Now, I want to prevent this bug. I can force my DB developers to be careful but is there any systematic way to prevent this bug?

marc_s
  • 732,580
  • 175
  • 1,330
  • 1,459
Merta
  • 965
  • 1
  • 11
  • 23
  • 1
    Always use a two part name - `Table.Column`. – ta.speot.is Jan 14 '18 at 07:17
  • Just to be clear, this is not a SQL Server bug, The examples are a bug in the application query. Ambiguous column names are resolved the innermost scope. The best practice in multi-table queries is to qualify columns with the table name or alias to avoid surprises and improve maintainability. – Dan Guzman Jan 14 '18 at 13:08
  • You can prevent updates via trigger – Dejan Dozet Jan 14 '18 at 16:50

2 Answers2

6

Ever heard of Correlated Subquery, you can always refer outer query columns inside the subquery

am sure you must have seen queries like this

SELECT * FROM T1 
WHERE EXISTS (SELECT 1 FROM T2 where t1.c1 = t2.c2) 

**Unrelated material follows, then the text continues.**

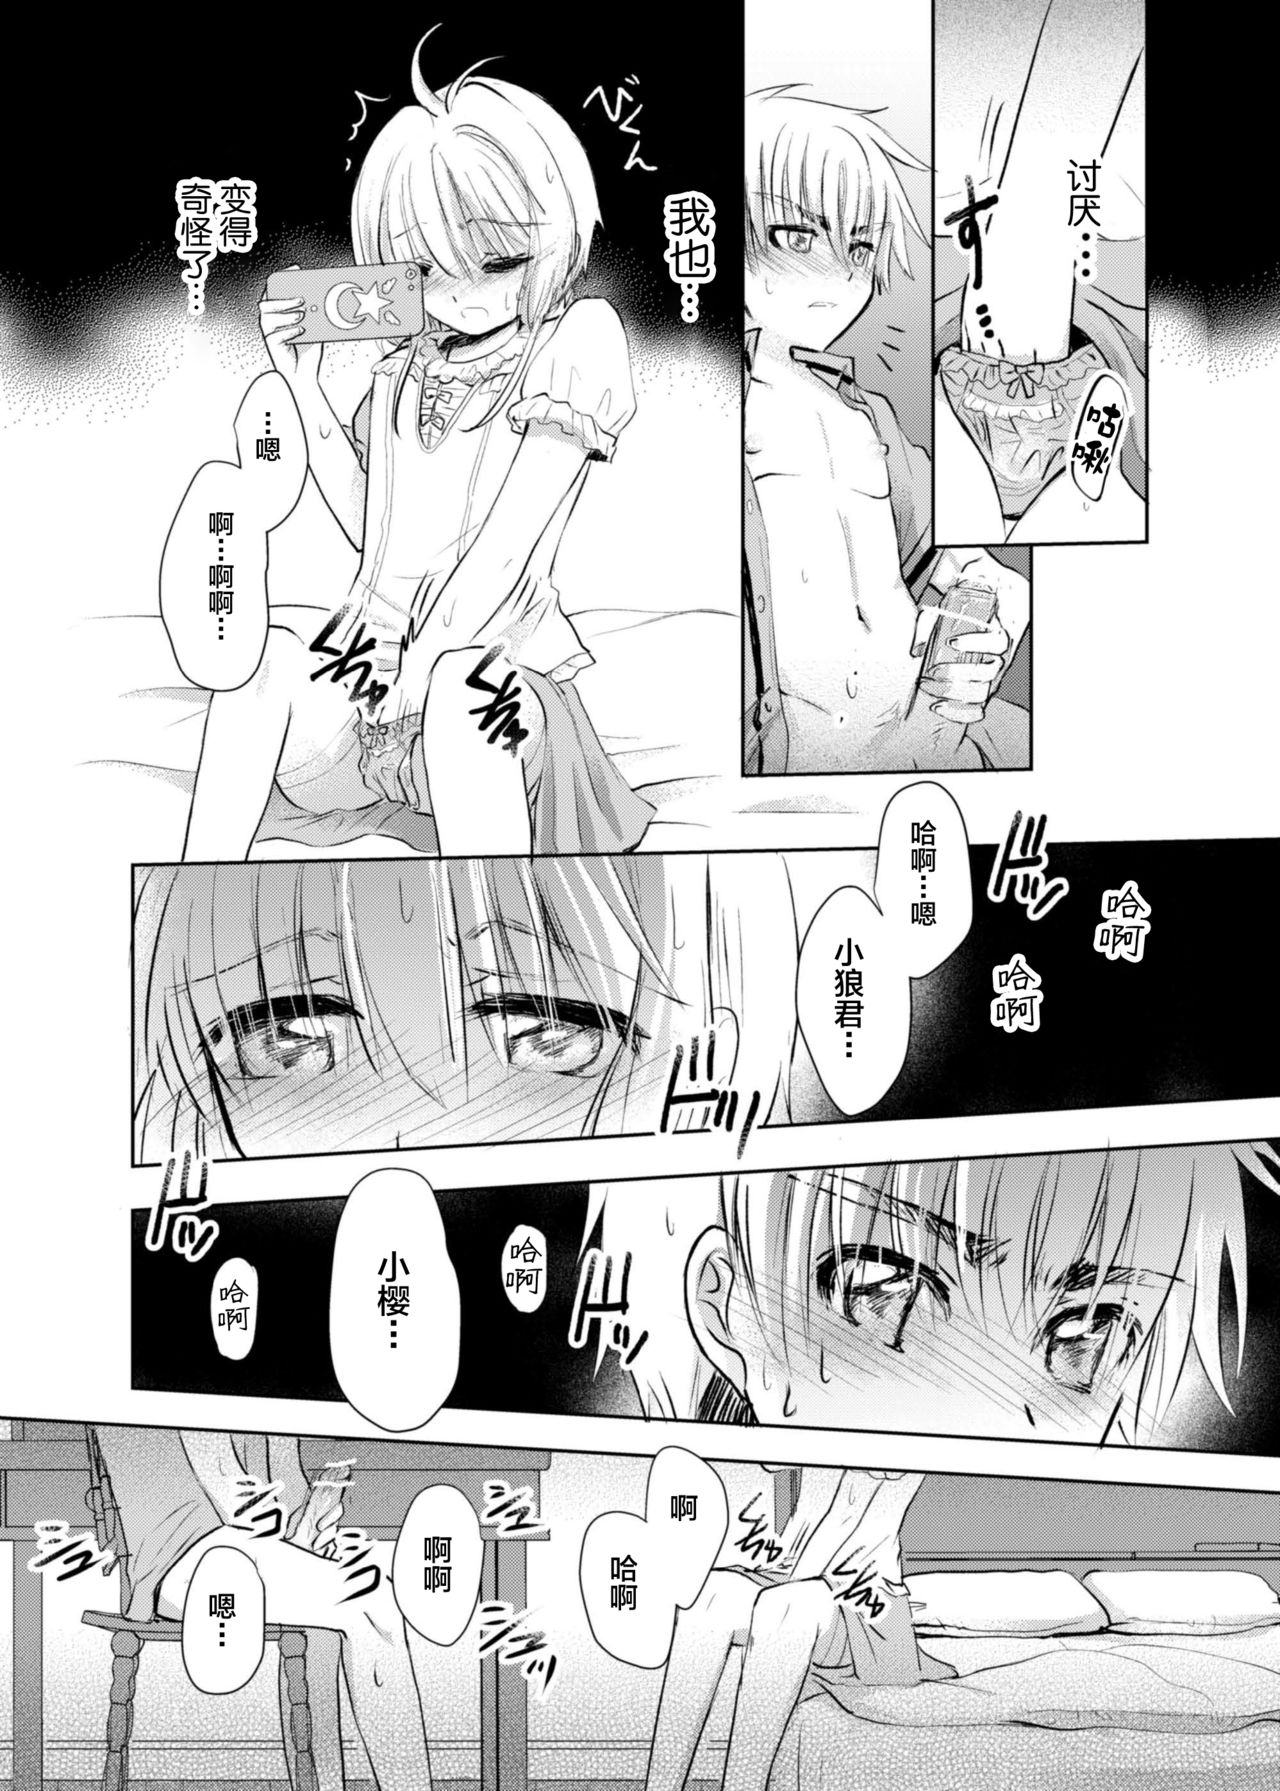 [Maple of Forest (Kaede Sago)] Give and Take (Cardcaptor Sakura) [Chinese] [新桥月白日语社] [Digital] page 19 full

here C1 column from T1 is referred in Where clause, you are referring in Select thats the difference. There is no BUG here

Pரதீப்
  • 91,748
  • 19
  • 131
  • 172
  • Yes, this is quite common and useful. – ta.speot.is Jan 14 '18 at 07:19
  • 1
    From the documentation: `In queries that include a correlated subquery (also known as a repeating subquery), the subquery depends on the outer query for its values. This means that the subquery is executed repeatedly, once for each row that might be selected by the outer query`. Which means this might execute quite poorly in some cases (although I'm inclined to believe the optimizer is going to Do Something About It). – Clockwork-Muse Jan 14 '18 at 07:20
  • I'd imagine most enterprise grade databases will be able to rewrite a typical correlated subquery so that the query is executed only once.. if it makes you feel happier though, there's usually little harm in taking the correlated query and inner joining it as a subquery in the join area. Profiling the two will tell you whether your database successfully rewrote it – Caius Jard Jan 14 '18 at 20:03
5

Is there any systematic way to prevent this bug?

Always use two-part names - [Table].[Column].

ta.speot.is
  • 26,914
  • 8
  • 68
  • 96